Born in Naples in 1477, Joan of Aragon was the noble daughter of the ill-fated Henry of Aragon, marquis of Gerace, who died of poisoning in 1478.

At only 20 years old, the granddaughter of the king of Naples Ferrante I of Aragon, married the second Duke of Amalfi Don Alfonso Todeschini Piccolomini, nephew of Pope Pius III. Unfortunately, the marriage was short-lived due to his untimely death, so she found herself having to administer the family estate alone.

In this difficult time she was helped by the court butler, the Neapolitan patrician Antonio Beccadelli of Bologna, with whom she soon fell in love. Despite the social conventions of the time they married clandestinely and had two children.

Unfortunately, Joan's brother, Cardinal Louis of Aragon discovered them. To stifle the shameful affair he had the poor wretch locked up in the Ziro Tower along with his sons, on the stretch of road connecting Amalfi and Atrani, specifically in Pontone, a hamlet in the municipality of Scala in the province of Salerno. He also sent assassins to kill Beccadelli in Milan, where he had taken refuge.

The story was told by the writer and bishop Matteo Bandello in his novelle since he was close friends with Beccadelli. Giovanna is said to have been killed walled up alive along with her children in 1510, a rumor fueled by the absence of doors in the tower.

Joan the madwoman? Problems of nomenclature

There have been many queens bearing this name, especially in the history of the Kingdom of Naples, as Joan II, known as the Queen of Hearts. However, the Joan in question is often mistakenly referred to as. Joan the Mad. The unpleasant epithet referring to the queen's mental insanity, whether real or alleged, refers instead to Joan of Trastámara, namely Joan of Aragon and Castile, known precisely as Juana la Loca, virtually her contemporary and equally entangled in palace intrigue.

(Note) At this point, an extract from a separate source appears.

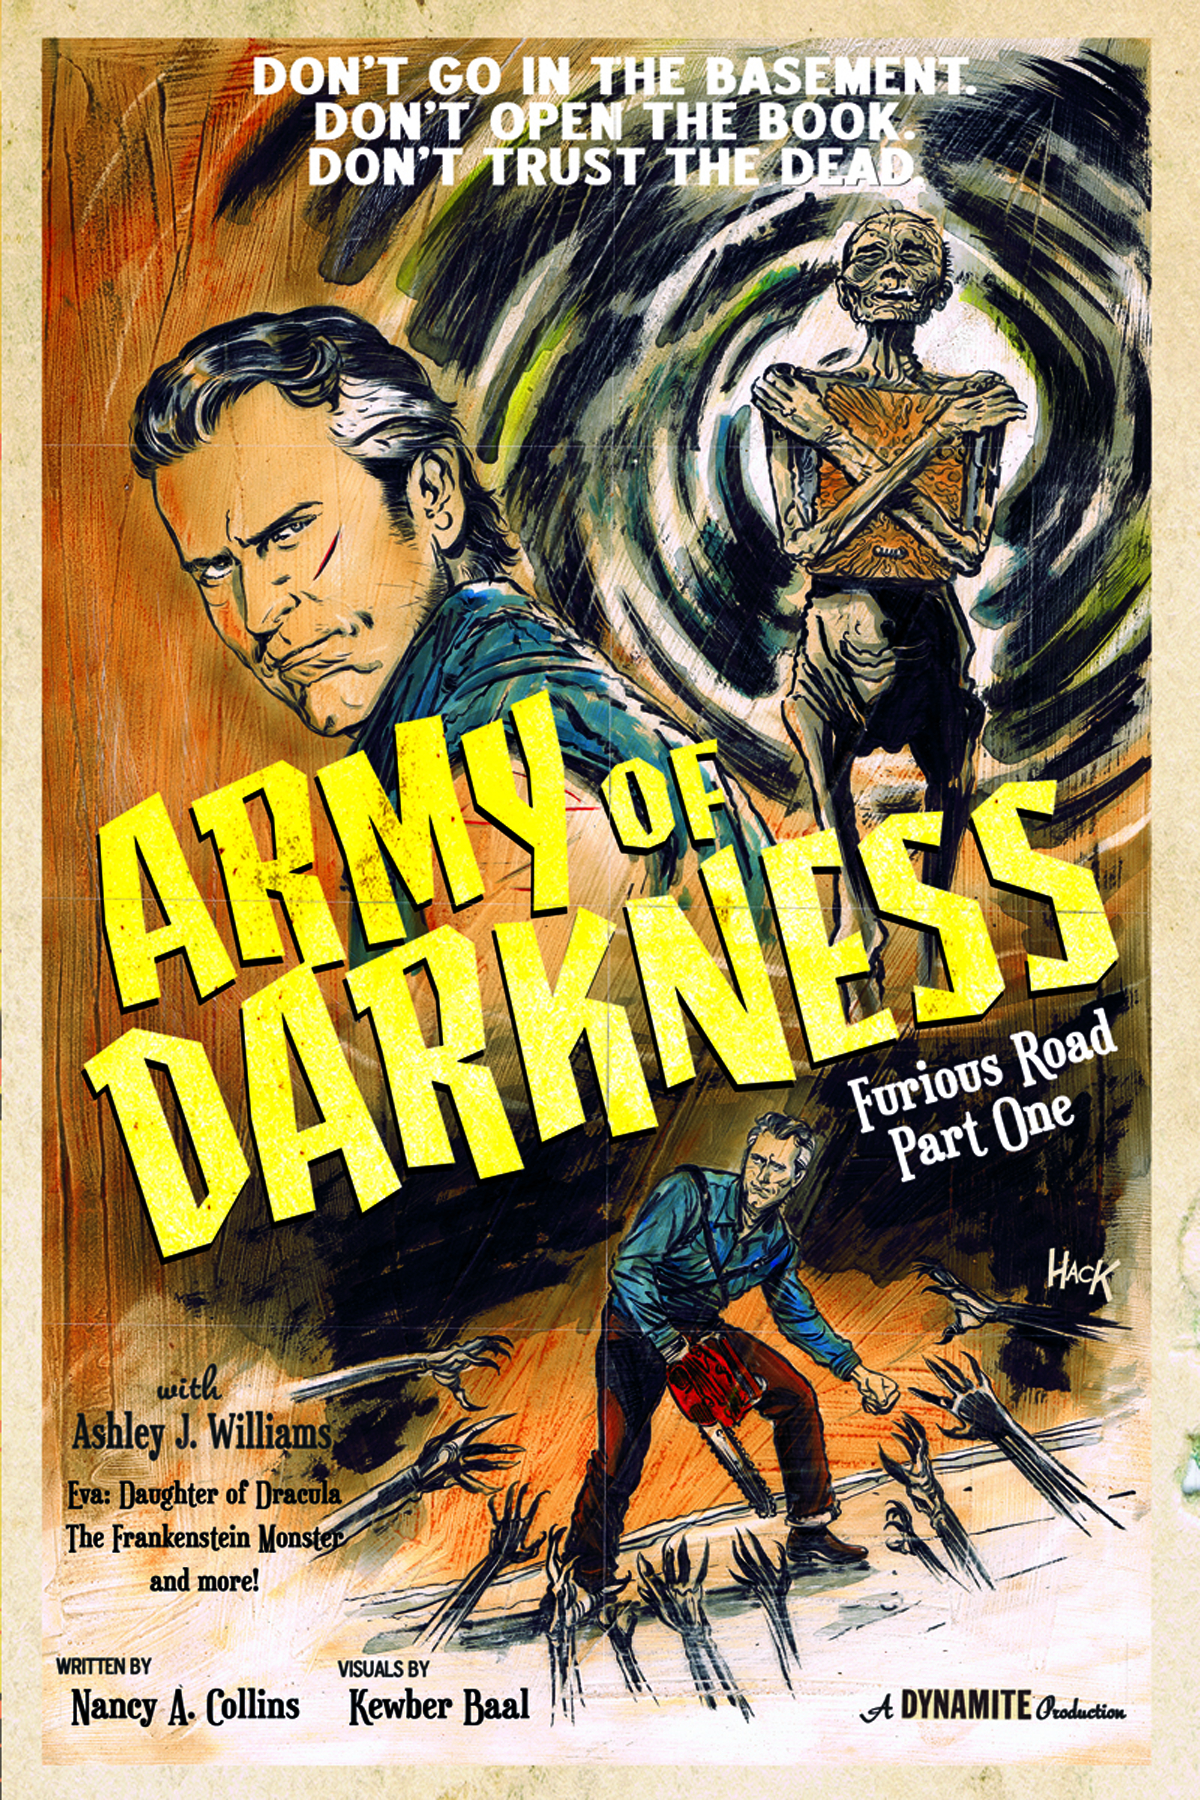 ARMY OF DARKNESS FURIOUS ROAD #1 (OF 6) CVR E SUBSCRIPTION

Joan of Aragon in art and literature

The story of Joan locked up in the Tower of Ziro caused quite a stir and inspired several literary works, including several 16th-century novellas and, in the following century, the tragedies The Duchess of Malfi by J. Webster and El Mayordomo de la Duquesa Amalfi by Lope de Vega. It is also very likely that she is indeed the woman depicted in an oil-on-canvas painting attributed to the school of Raphael Sanzio, dated around 1518 and kept in the Louvre Museum in Paris.